KUNSTRUNDGANG : Brigitte Werneburg schaut sich in den Galerien in Berlin um
Da hat sie zweifellose recht, die Frau Ungerer von der Galerie elm75 in der Neuköllner Weserstraße 164: „Wer lesen kann, ist klar im Vorteil.“ Was mich mehr verblüffte, ihre schnoddrige Ansage oder ihr goldbestäubter Busen – ist das neuerdings schick? –, weiß ich nicht. Jedenfalls, Presse hin, oder wer zu früh kommt, den bestraft das Leben. Und weil auf dem Flyer „Vernissage 19 Uhr“ zu lesen stand, zog ich um 18 Uhr unverrichteter Dinge wieder ab.

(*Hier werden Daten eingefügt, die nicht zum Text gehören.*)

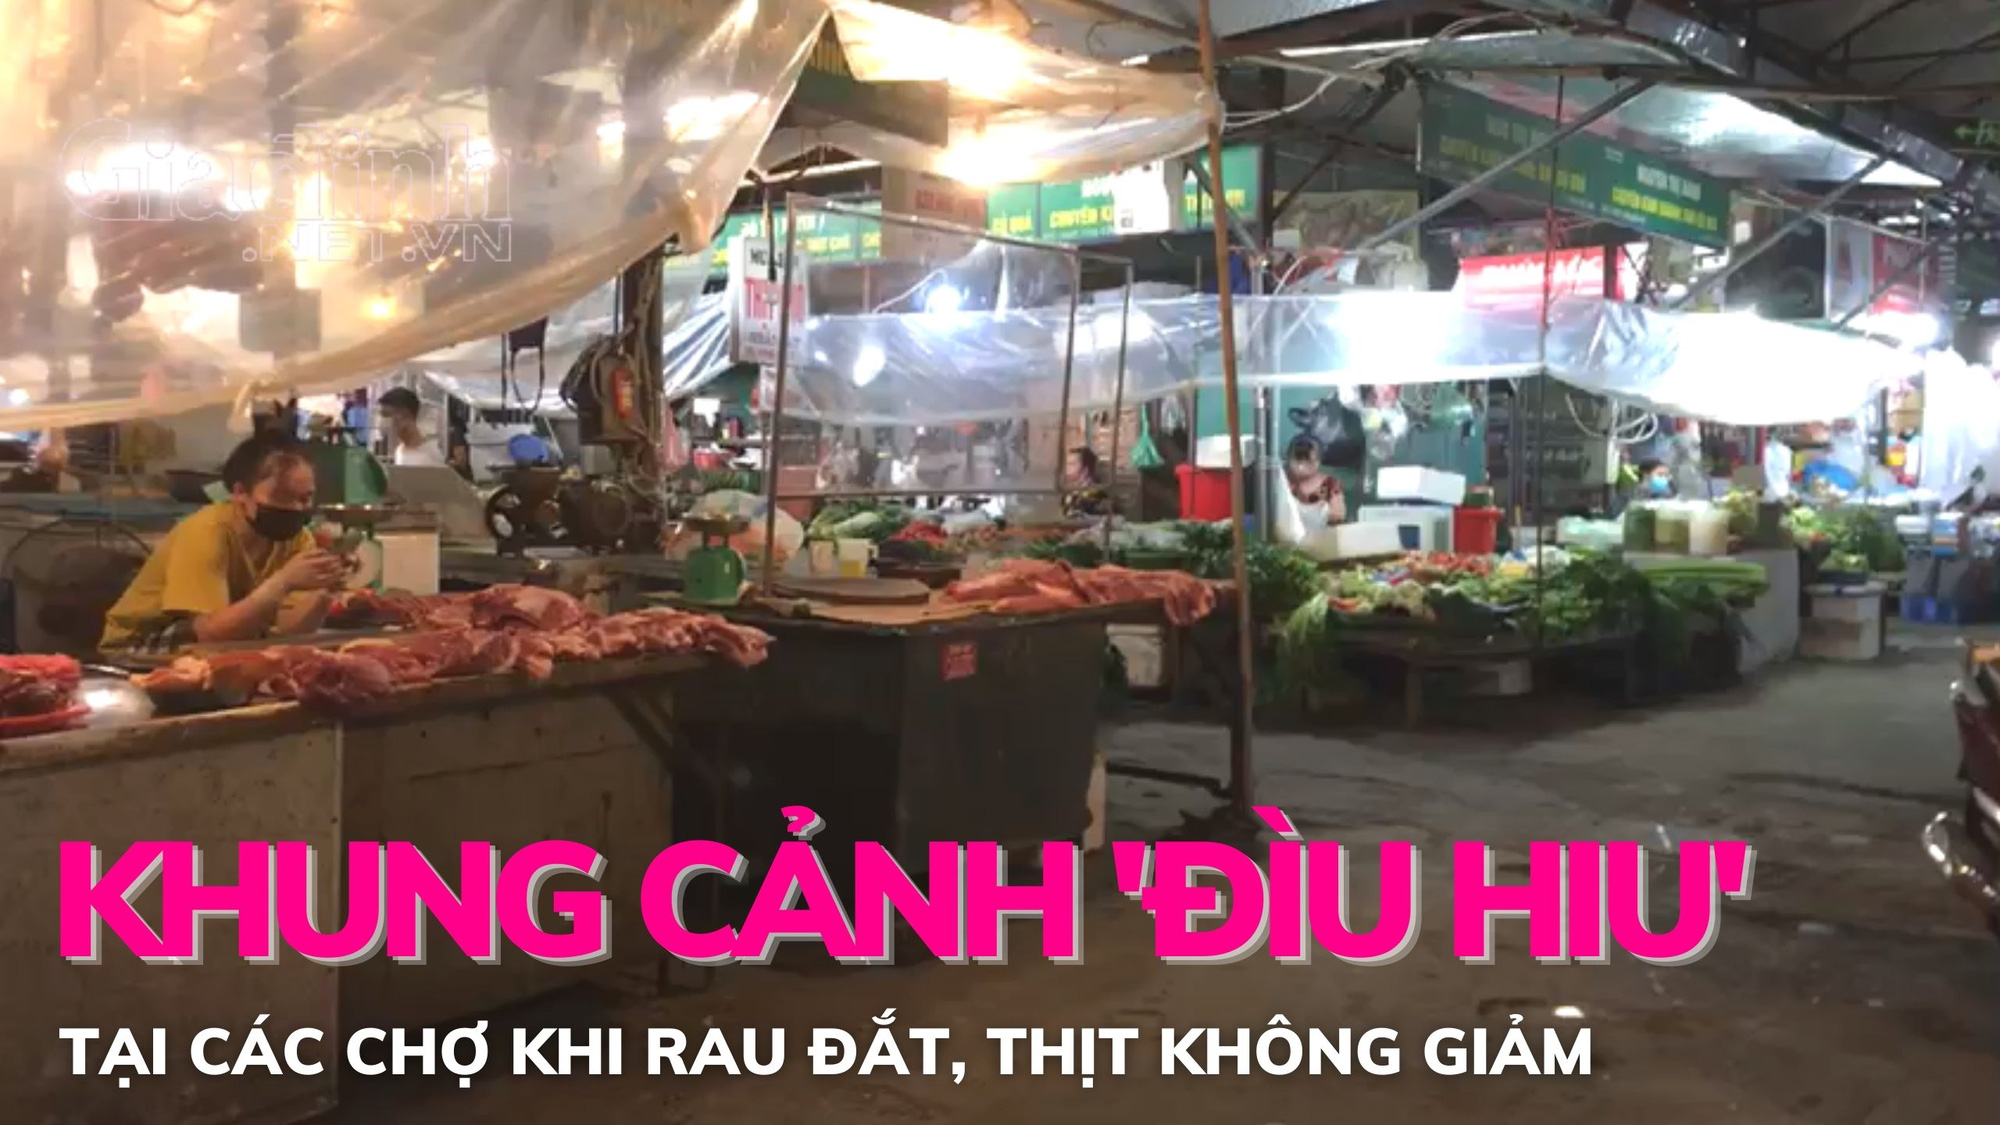 Khung cảnh 'đìu hiu' tại các chợ truyền thống khi rau đắt, thịt không giảm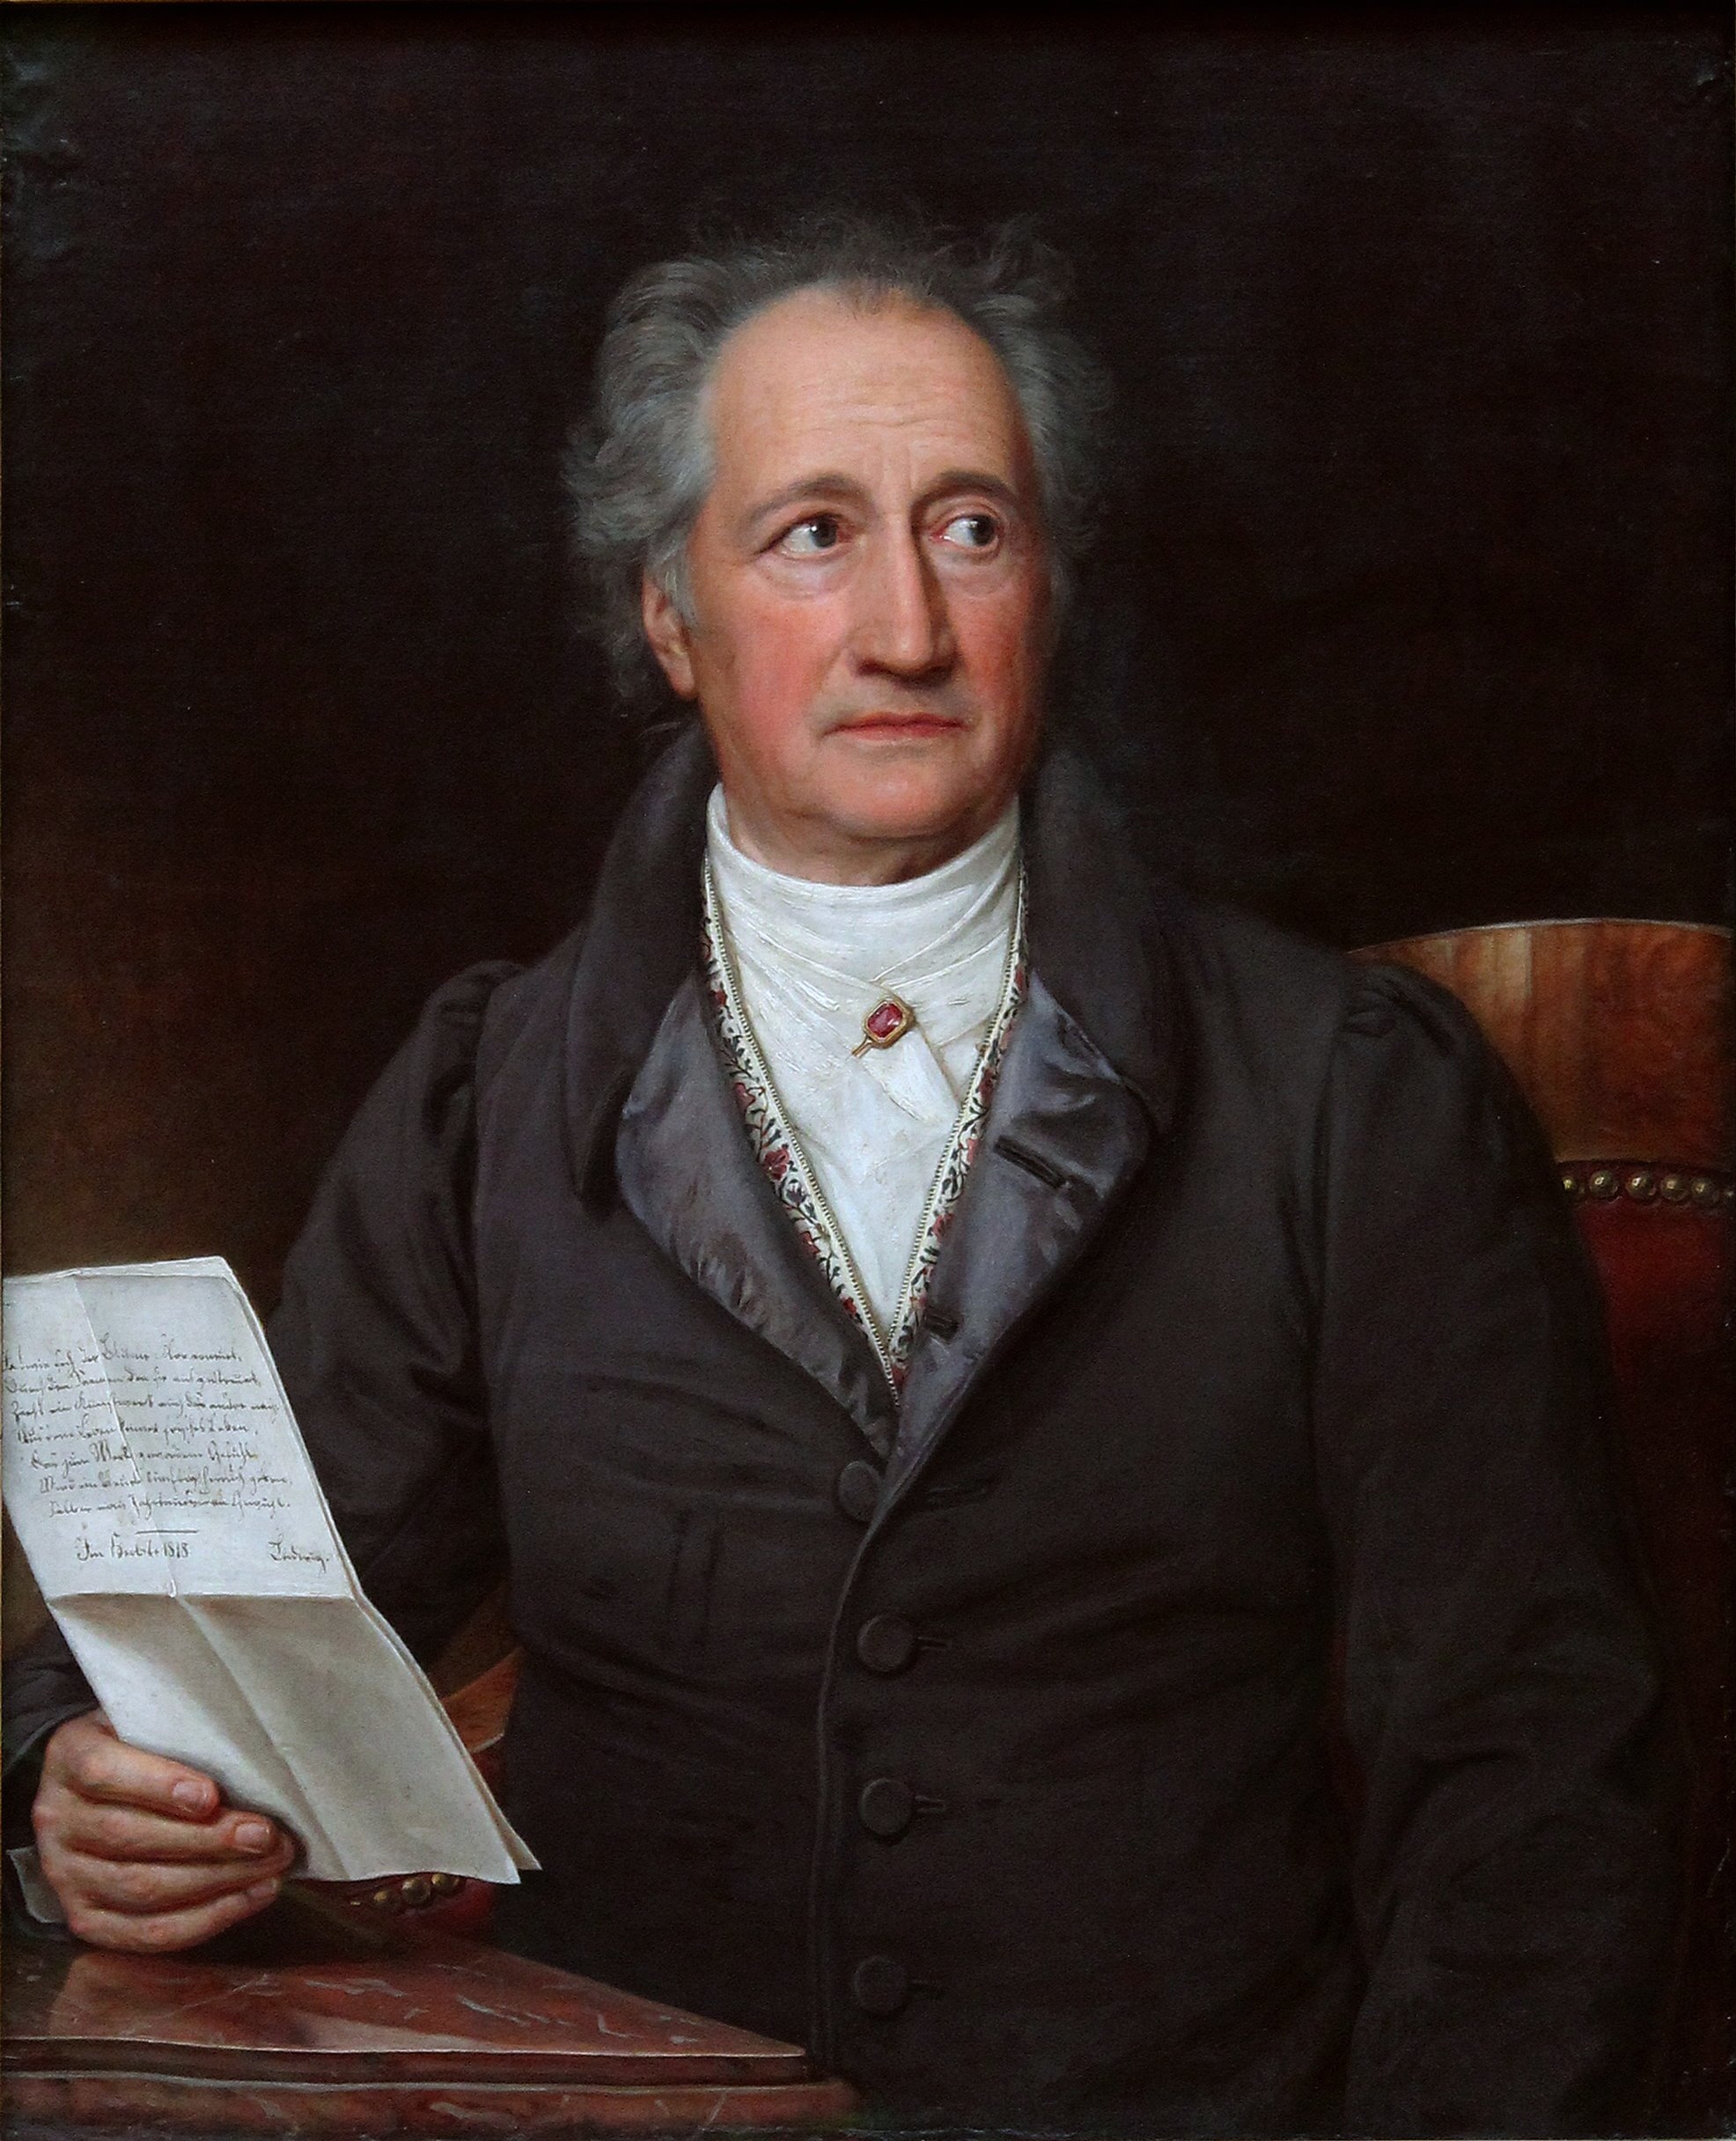 auteur Johann Wolfgang von Goethe de la citation Une feuille destinée à devenir grande est pleine de sillons et de rides au départ. Si l'on n'a pas de patience et que l'on veut qu'elle soit lisse comme une feuille de saule, on s'expose à des problèmes.

In Mitte geht es glücklicherweise professionell zu. Besser also das kreative Leben in Berlin auf Fotos gebannt in der Pool Gallery zu betrachten, als ihm im realen Leben zu begegnen. Alex Flach aka Foley stellt unter dem – den Clash abgekupferten Titel – „Berlin Calling“ Aufnahmen aus den letzten zwölf Jahren vor. Flach hat von der ersten Nummer an seine Fotos im Lodown Magazin veröffentlicht, das neue Akzente in Sachen Fotolayout, Grafik, Druck und Berichterstattung setzte. Und zwar nicht nur beim Thema Skateboarden, sondern auch Musik, etwa D&B. Die Creative industries sehen bei Flach erwartbar rough aus, aber dazwischen gelingen ihm wunderbare Porträts, von einem Kiddie-Skater zum Beispiel oder einem Party-Burschen, nachts zwischen den Stelen des Holocaust-Denkmals.
Und die Galerie September, die macht auch am Montag auf. Obwohl zu lesen steht, dass da zu ist. Ursula Döbereiner hat fünf Cluster von 3-D-Zeichungen an die Wand tapeziert, während der Pariser Künstler Bertrand Lamarche dahinter „La Réplique“ zeigt, eine Lichtinstallation, die mal minimal, mal sprunghaft ihre Form verändert. Beides fügt sich zu einem zauberhaften halluzinogenen, kinetischen Modernismustrip: das Licht, das wie ein menschlicher tanzender Körper auftritt, und die Wörter und Architekturmodule, die Döbereiner im Raum schweben lässt und an die man beim nächsten Schritt anzustoßen glaubt.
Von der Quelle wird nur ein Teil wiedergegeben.